Screen Scraping help

Hello!

I need some help with screen scraping.

I want to take part of a website and show it in my website.

I found a wordpress plugin that would do the job and I have tried it, it works great. But my problem is that I dont use wordpress and want to use the script in a php file.
utd.hu/simple-and-easy-to-use-plugin-to-show-a-part-of-another-website-on-your-page
This is were I found the plugin.

I think this is the code that I need to use in my php file. Problem is, I dont know how I should insert everything, because when its in wordpress you just use a shortcode.

So I need your help to show me were I should insert the URL, the starting tag, and the ending tag. Also showing me how the script should look in my php file so that it works.

	

	$myurlstring = $url['url']; 
	$sample1=str_replace('>','>',str_replace('<','<',$url['sample1']));
	$sample2=str_replace('>','>',str_replace('<','<',$url['sample2']));
	$prefix=str_replace('>','>',str_replace('<','<',$url['prefix']));
	$suffix=str_replace('>','>',str_replace('<','<',$url['suffix']));
	$rfrom=str_replace('>','>',str_replace('<','<',$url['replace_from']));
	$rto=str_replace('>','>',str_replace('<','<',$url['replace_to']));
	$ckfile = tempnam ("/tmp", "CURLCOOKIE");
	$ch = curl_init ($myurlstring);
	curl_setopt ($ch, CURLOPT_COOKIEJAR, $ckfile); 
	curl_setopt ($ch, CURLOPT_RETURNTRANSFER, true);
	$output = curl_exec ($ch);

	$ch = curl_init ($myurlstring);
	//curl_setopt ($ch, CURLOPT_POST, 1); 
	//curl_setopt ($ch, CURLOPT_POSTFIELDS, "sType=Vehicle+VIN&vtype=A&vin=".$vinnumber); 
	curl_setopt ($ch, CURLOPT_COOKIEFILE, $ckfile); 
	curl_setopt ($ch, CURLOPT_RETURNTRANSFER, true);
	$all = curl_exec ($ch);
	$dfpos=@strpos($all,$sample1);	
	$depos=@strpos($all,$sample2,$dfpos);

	$div=$prefix.substr($all,$dfpos,$depos-$dfpos).$suffix;
	$div=str_replace($rfrom,$rto,$div);
	echo $div;
	curl_close ($ch);


I will be thankful for any help.

Hi,
Try to use HTML Dom Library.There is a function called
loadHtmlFile().With this you can get the source code of any file.After that you can edit to whatever you want to display.

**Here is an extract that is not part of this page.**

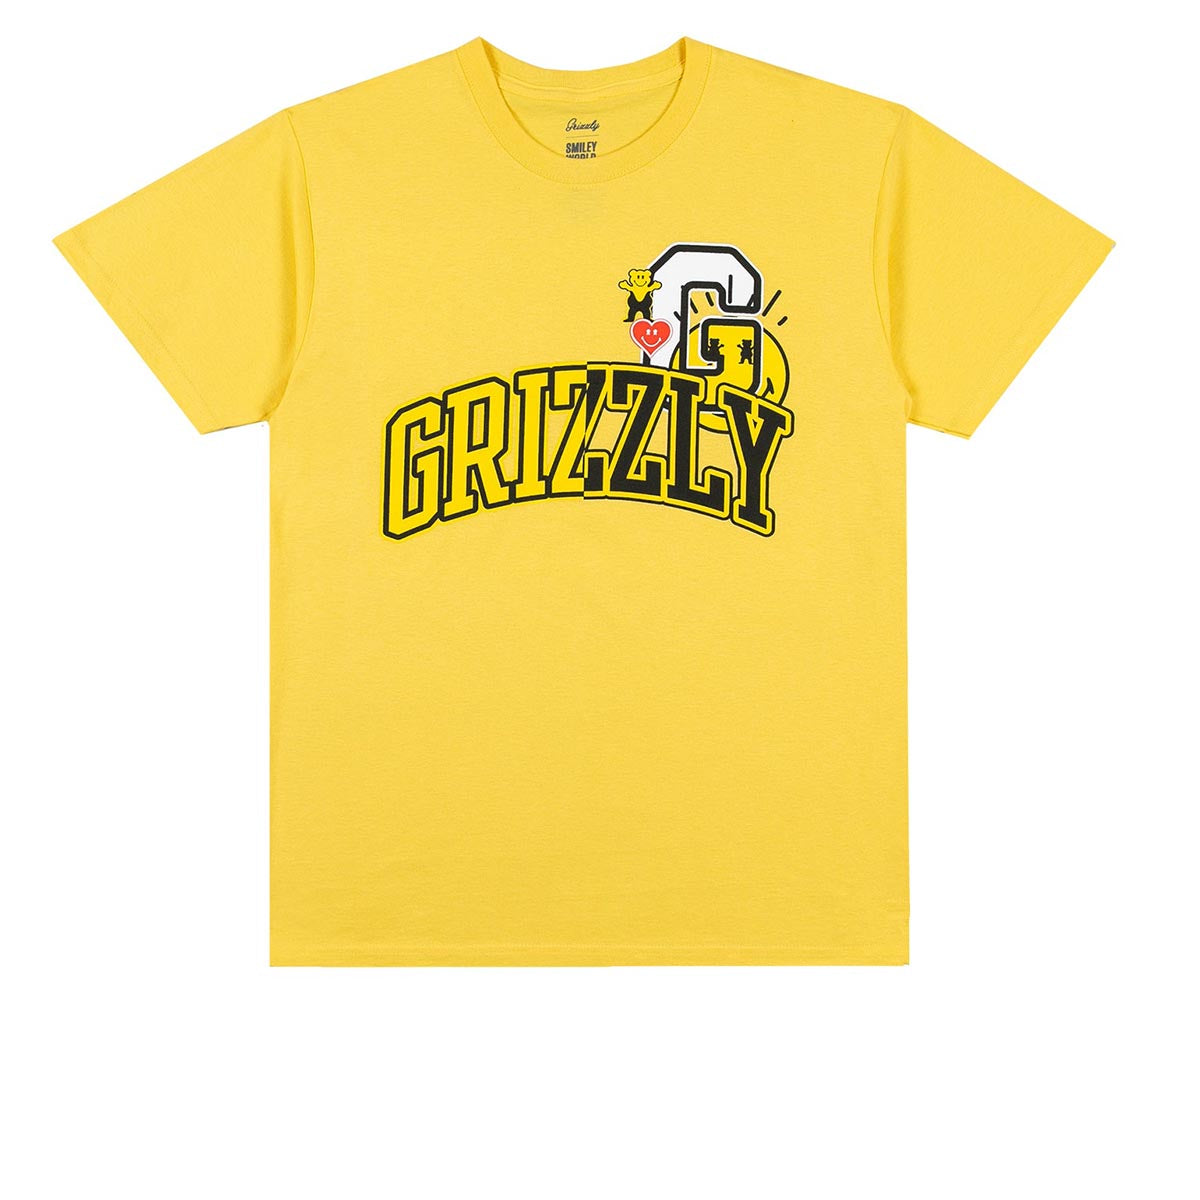 Grizzly x Smiley World School Of Happiness T-Shirt - Yellow image 1

Certainly when starting out with something like this, do it in 2 operations.

1 get the file, cache it
2 extract what you want

actually its 3…

3 delete the old file

Try it this way because there is so much that can go wrong with each operation (latency, cookie acceptance, negotiating redirects then dom traversal and data lifting from the source), you need to zoom in on where the error lies. Divide and conquer.

Off Topic:

If you are doing this without permission you should contact them first and ask, then put it to them they provide a data feed in the way of an API or downloads. What country you in?

Is there any ready made script that I can use or any tutorial.

I would rather want to use the the wordpress plugin script since I have tested it and it works exactly like I want. But since i’m not doing it in wordpress I dont know where to insert all the variables,( like url, start tag, end tag e.t.c.) and how to make it work outside of wordpress.